For packet loss detection, the state of the art is described in RFC 8985, the
RACK-TLP Loss Detection Algorithm for TCP, and in RFC 9002 which describes how
to use RACK-TLP for packet loss discovery in QUIC. I don't understand why the
BFD Stability draft does not reference the RACK-TLP algorithm and RFC8985. The
"ad hoc" BFD loss detection algorithm description ends up repeating a lot of
points commonly discussed in the specification of RACK: detecting packet losses
by monitoring holes in sequence numbers, the interaction between this detection
and out of order delivery, or role and computation of timers. The BFD stability
draft would probably be more robust if it merely adapted the algorithms defined
in RFC8995.
Copying algorithms from RFC8985 or RFC9002 would probably also diminish the
reliance on timers, allow use of adaptative timers instead of relying on timers
set by management procedure, and allow reporting of RTT statistics in the Yang
module.
The security considerations acknowledge that using NULL authentication will
allow attackers to mimic out of order delivery and thus cause spurious loss
detection. Indeed, this NULL Authentication procedure makes me cringe. Why are
we even defining that today, in 2024? Naive features like that can easily turn
into a CVE if the attackers used them as steps in an attack chain, causing
spurious error detection to convince routers that a path is not usable anymore,
and thus maybe causing connectivity to a target to fail for the short time
necessary for an attack. It would be much safer to just require the MD5 or SHA1
variants, and not define NULL authentication at all.

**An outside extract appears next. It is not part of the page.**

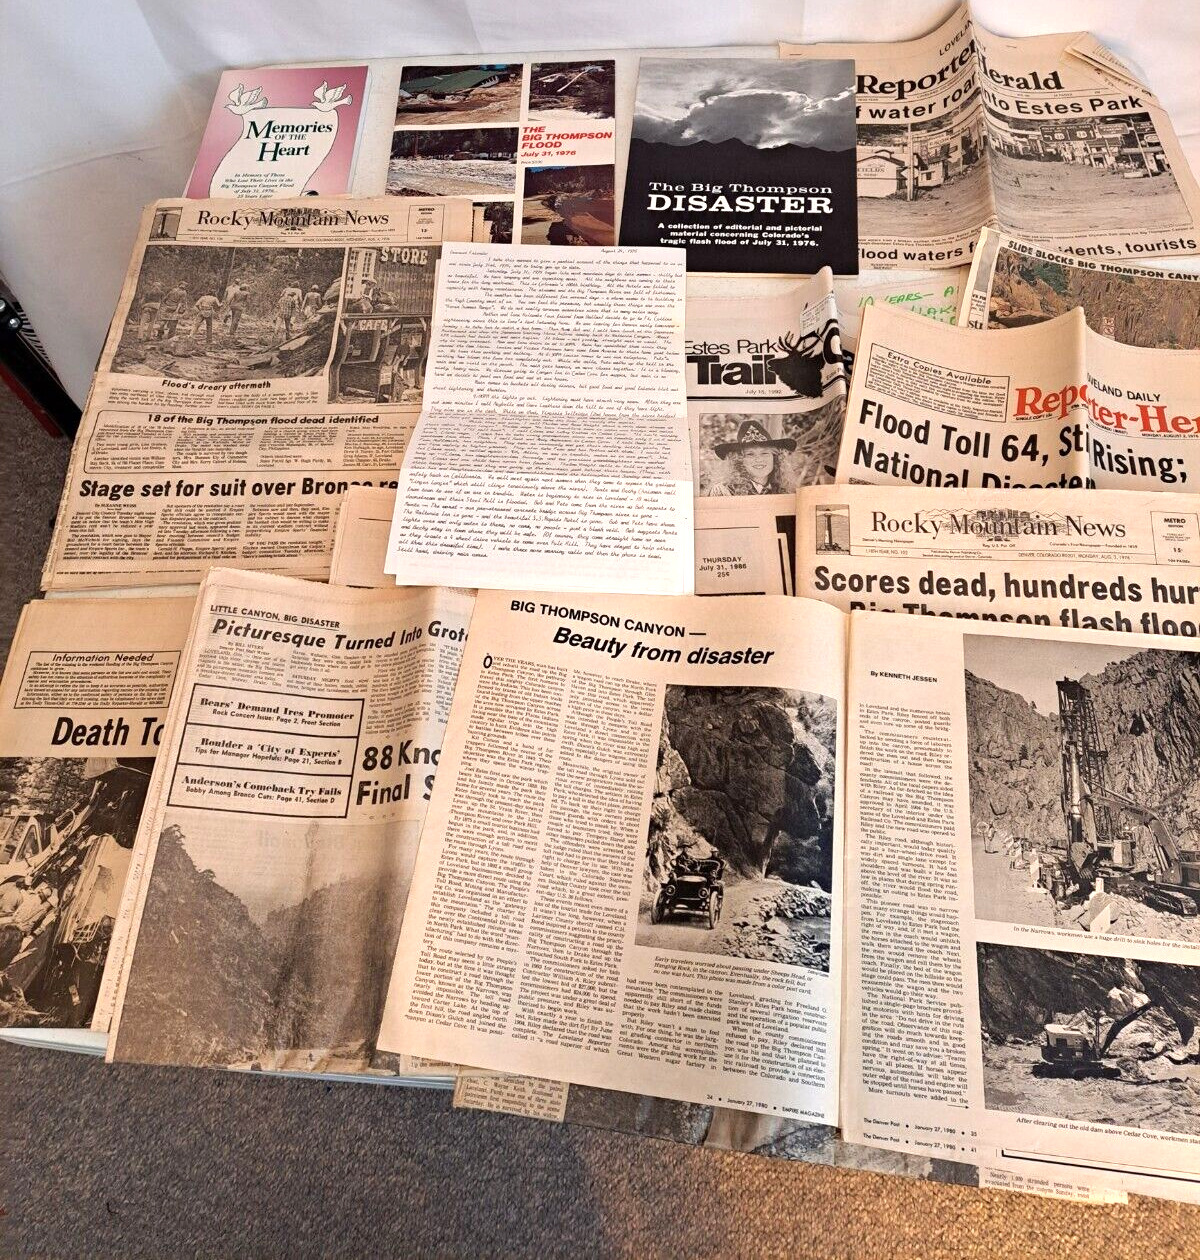 Lot of Big Thompson Canyon, Colorado Flood Disaster Newspapers 1976 Books,Letter
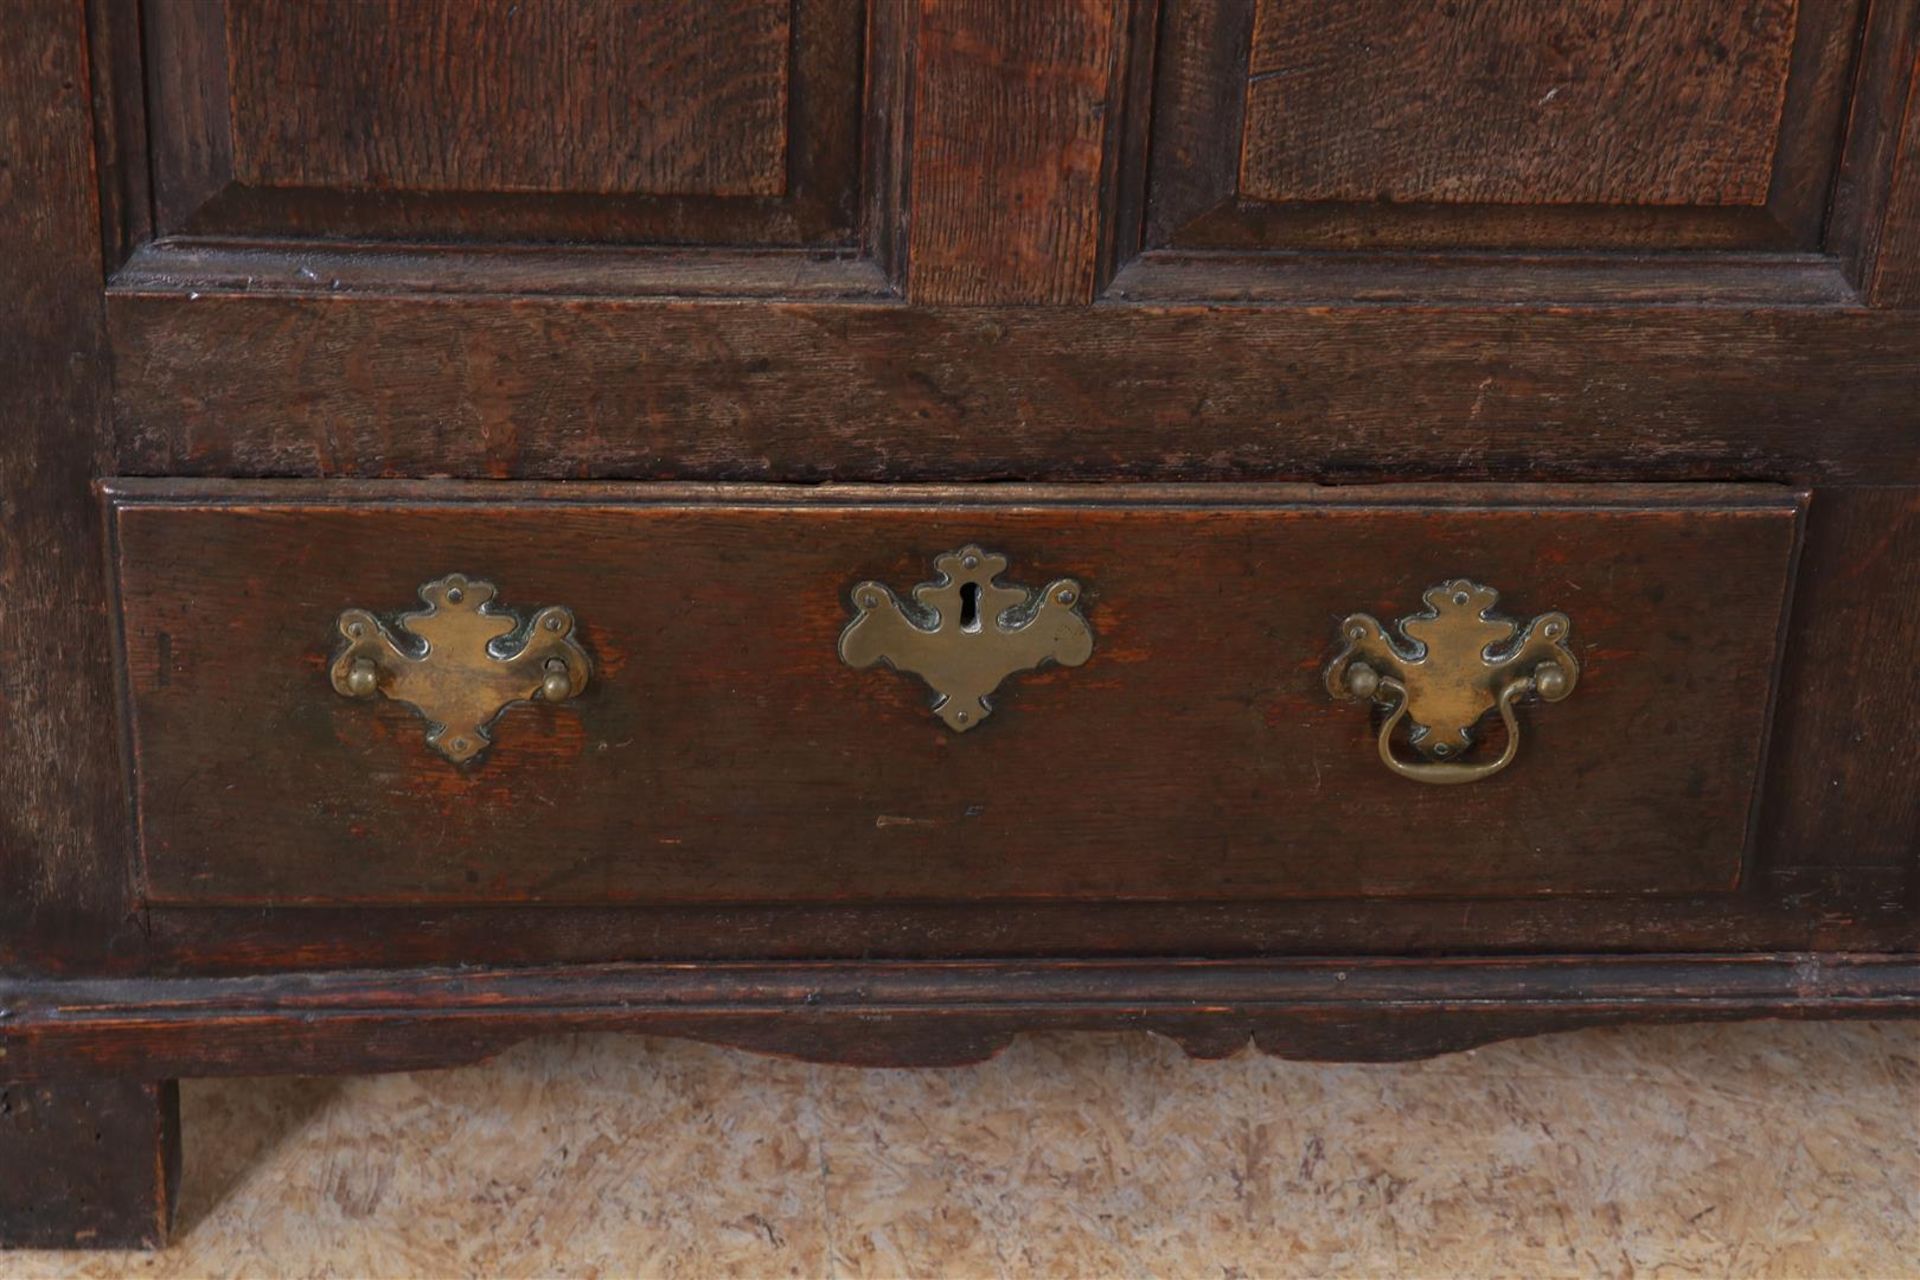 Oak Georgian chest with 4 front panels and 2 drawers with bronze fittings and lock plate, England - Image 4 of 5

But MD5 and SHA1 authentication can also be attacked, because they do not
protect against replay attacks. If the sessions last long enough for the
sequence number to roll over, a patient attacker could record old packets and
replay them after the rollover. If the repeated packets pass the "range" test,
the bfd.RcvAuthSeq value will be modified, causing "good" packets below the new
range to be ignored. Repeat that a couple of time, and the BFD process will be
effectively disabled. I think that the solution is to not allow rollover, or
maybe require use of new descriptors if too many packets have been exchanged.
In any case, the security section should discuss the issue.
Of course, the security of MD5 and SHA1 is also suspect. There is no indication
yet that SHA1 with the HMAC construct used in RFC5880 is broken, but the
general rule is no avoid SHA1 if we can -- and certainly avoid MD5. I don't
know the deployment requirements, but it would be nice if BFD allowed stronger
options. Surely, some deployments will want to use different authentication
methods in the future. Should there be some guidance on the development of
these future extensions, such as requiring that they provide a sequence number
similar to the "meticulous" variants?
At this point, let me indulge in a personal aparte. Why do we even have a
specific BFD protocol? I suppose that it started with the idea of using
something light weight but better than old fashioned ping. But if I read the
various RFCs, I see the definition of session setup, the requirement for
congestion control, the definition of timers, and now the addition of packet
loss detection. There may be more coming if we want to address sequence number
rollover, more precisely handle out of order packets, maybe add timestamps. As
BFD is used to monitor data plane quality, using the same transport protocol as
applications would make sense. These functions are all well established in
transport protocols. I understand that TCP+TLS would not be practical, but we
are not in 2010 anymore and we have more options. For example, it would be
trivial to define "BFD over QUIC", while providing modern security, congestion
control, timer management and loss detection. A BSD over QUIC application could
update the Yang module just like BFD does, while providing much better security!